Head of the Payment System Operation Department
- In office 9 January 2020 – 5 January 2021
- President: Joko Widodo
- Governor: Perry Warjiyo

Personal details
- Born: 13 March 1968 Surabaya, East Java, Indonesia
- Died: 5 January 2021 (aged 52) Jakarta, Indonesia

= Pungky Purnomo Wibowo =

Indonesian economist and banker (1968–2021)

Pungky Purnomo Wibowo (13 March 1968 – 5 January 2021) was an Indonesian economist and banker who headed the Payment System Operation Department of Bank Indonesia, Indonesia's central bank, from 2020 until 2021. He pushed for the total electronization of the country's toll road payment system and developed Quick Response Code Indonesia Standard (QRIS), a digital-based payment for small and medium-sized enterprises.

== Early life ==
Wibowo was born on 13 March 1968 in Surabaya, the capital of East Java. Wibowo enrolled at the Development Economy Faculty of the Eleventh of March University in 1986, graduating in 1990 with a doctorate degree. He also obtained a management degree from the University of Wollongong in 1998 and a PhD from the University of Birmingham in 2005.

== Career ==
Wibowo began to work at the Bank Indonesia, Indonesia's state bank, in 1993. On 15 January 2018, he was promoted by the Governor of the Bank Indonesia, Agus Martowardoyo, from his previous office as Head of Retail Payment System and Financial Inclusion Development Group to Head of the Department of Electronification and National Payment Gate. Wibowo pushed for the total electronization of the toll road payment system in Indonesia. In an interview with CNBC Indonesia, he said that the department was attempting to place top-up machines in rest areas across the country's toll roads. The electronic payment system was eventually adopted by various public services in Indonesia, such as TransJakarta, Jakarta's bus rapid transit system, and the Indonesian Railways Company, which operates the majority of public railways in Indonesia. He was also involved in the implementation of National Payment Gate (GPN, Gerbang Pembayaran Nasional), a system used to integrate payments using debit cards in merchants. The GPN was fully implemented in June 2018.
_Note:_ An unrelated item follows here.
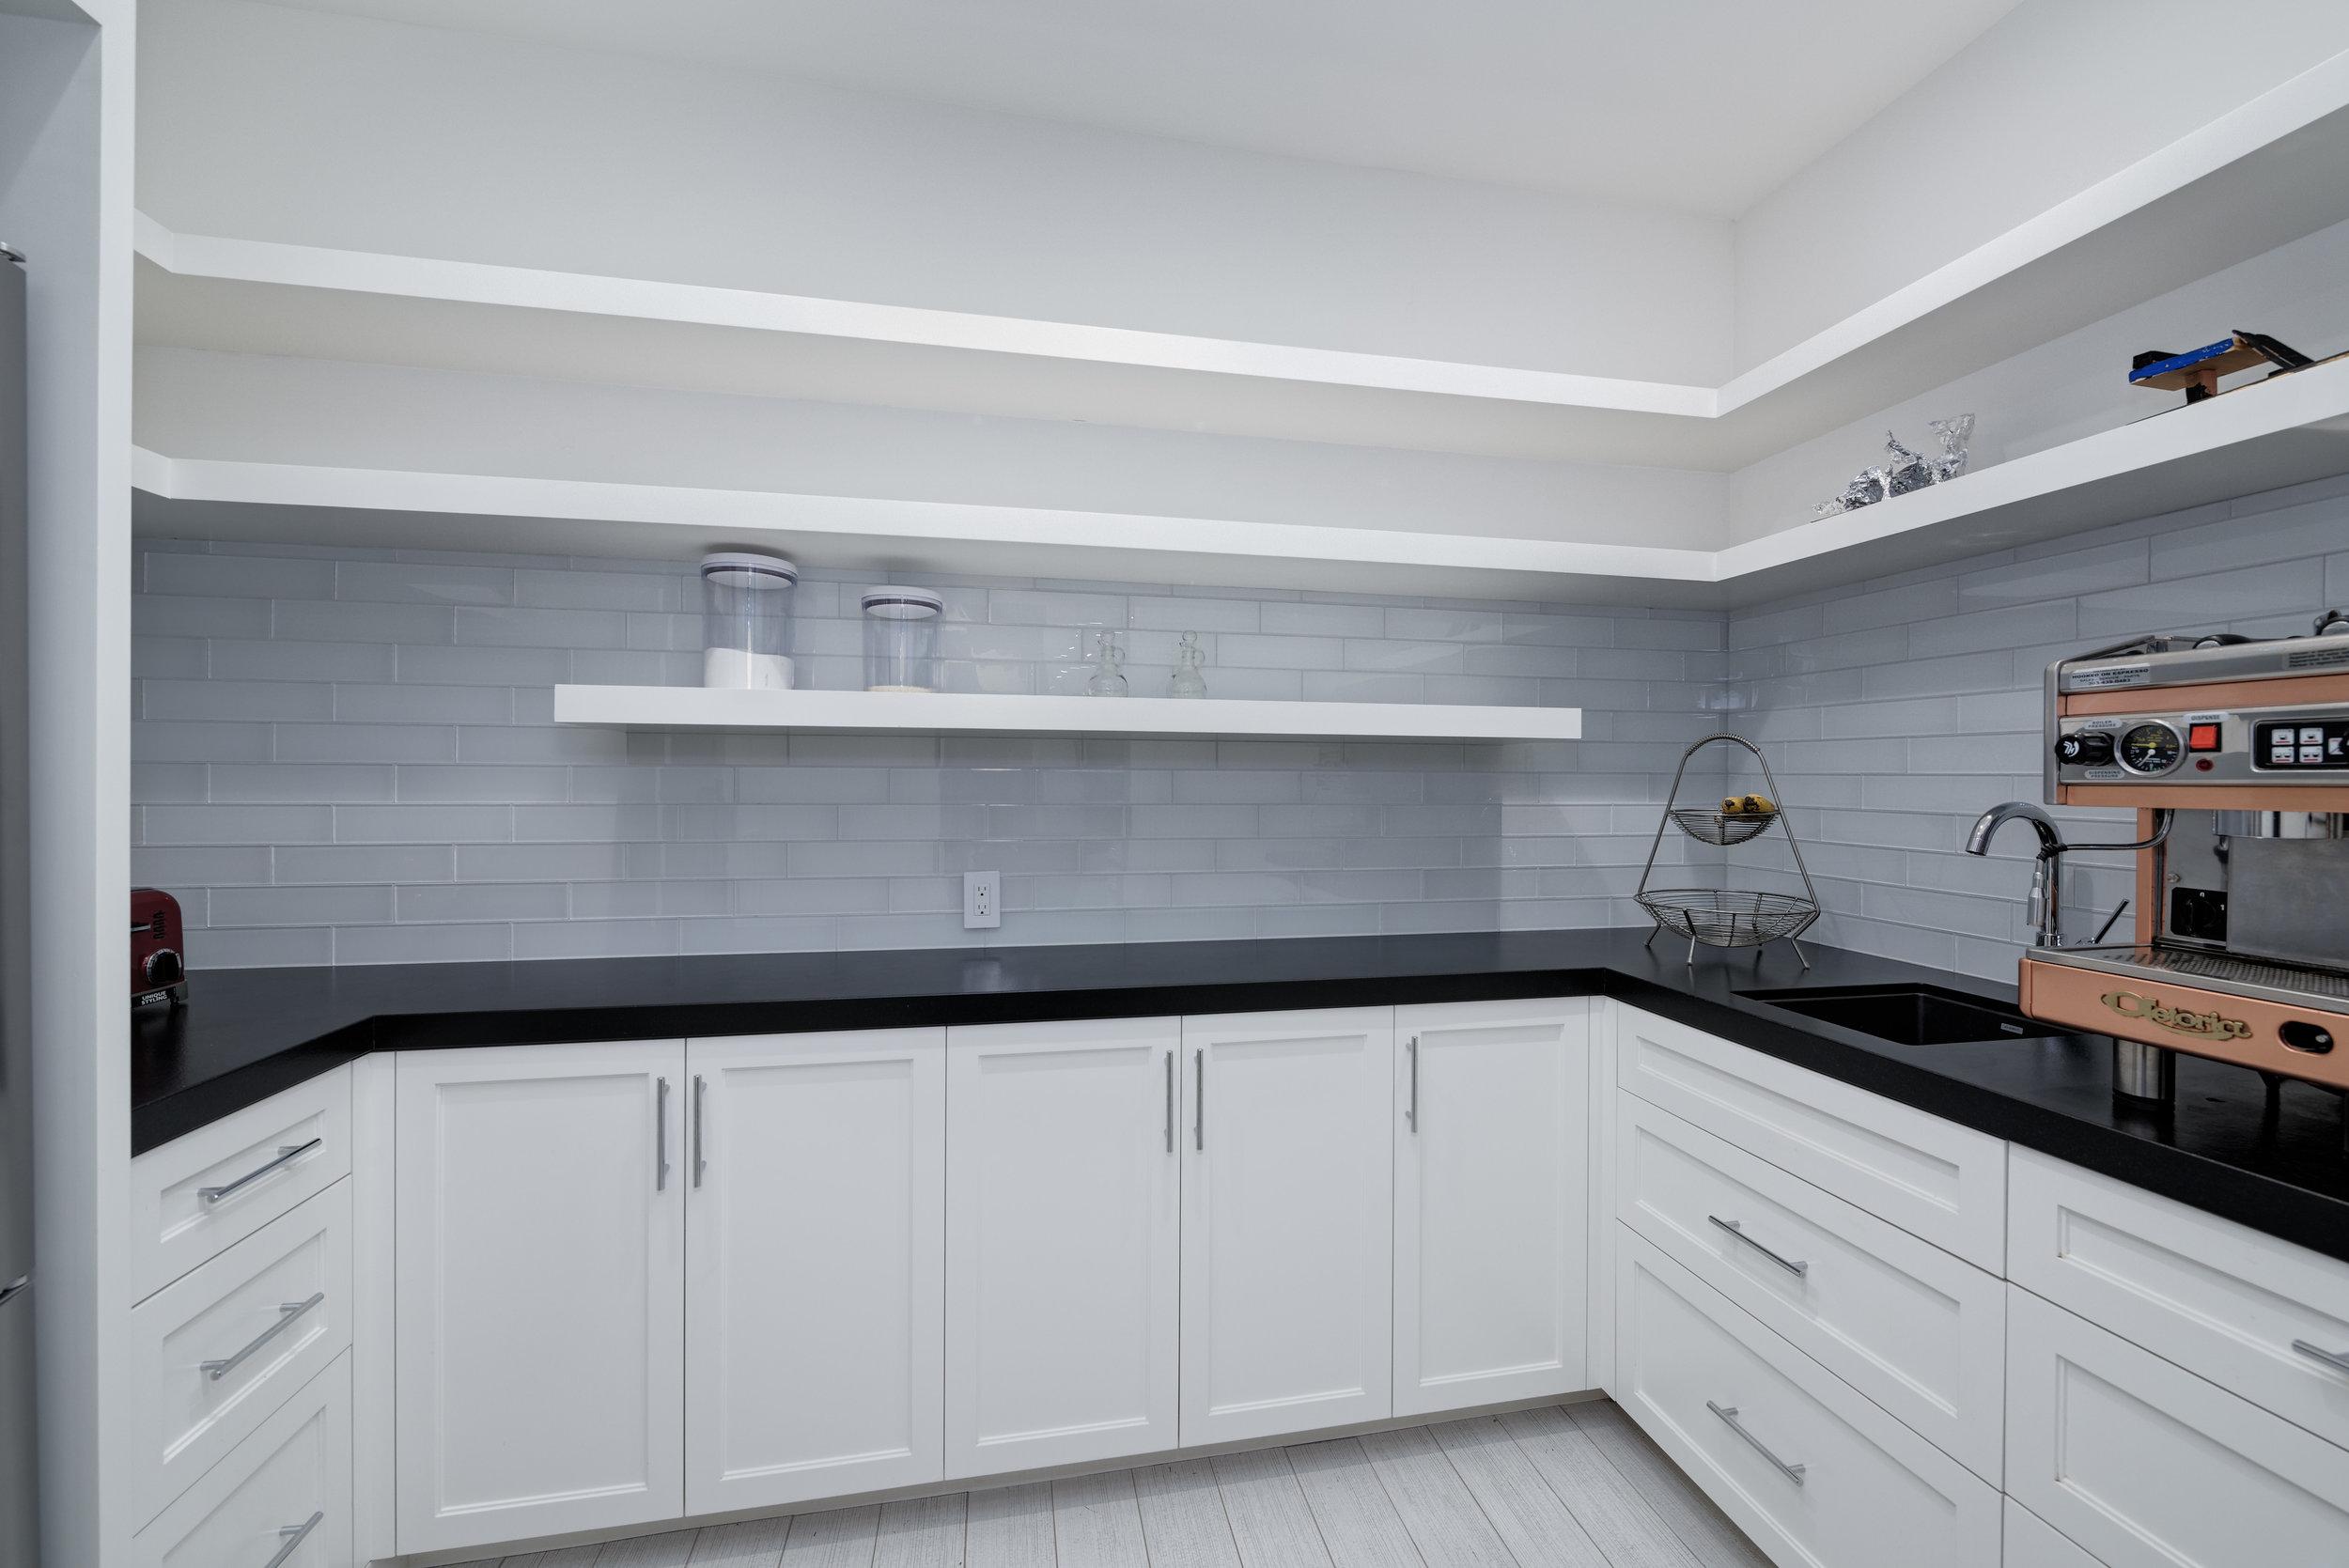 17_kitchen pantry.jpg

On 9 January 2020, Wibowo was transferred to the role of the Head of the Payment System Operation Department, an office he held until his death in 2021. One of the projects that he oversaw during his tenure was the development of the Quick Response Code Indonesia Standard (QRIS), a digital-based payment for small and medium-sized enterprises (SMEs). Wibowo announced that as of 15 January 2020, about 1.7 million SMEs already used QRIS, and aimed for 15 million SMEs – about 5% of SMEs in Indonesia – by the end of 2020. He denied that QRIS was intended to replace banknotes, but would rather reduce the growth in banknote circulation.

On 9 April 2020, the Corruption Eradication Commission summoned Wibowo as a witness in a bribery case related to Pertamina's crude oil trade and factory products.

== Death ==
Wibowo died in Jakarta on 5 January 2021 due to a heart attack. It was announced that he would be buried at San Diego Hills in West Java on 6 January.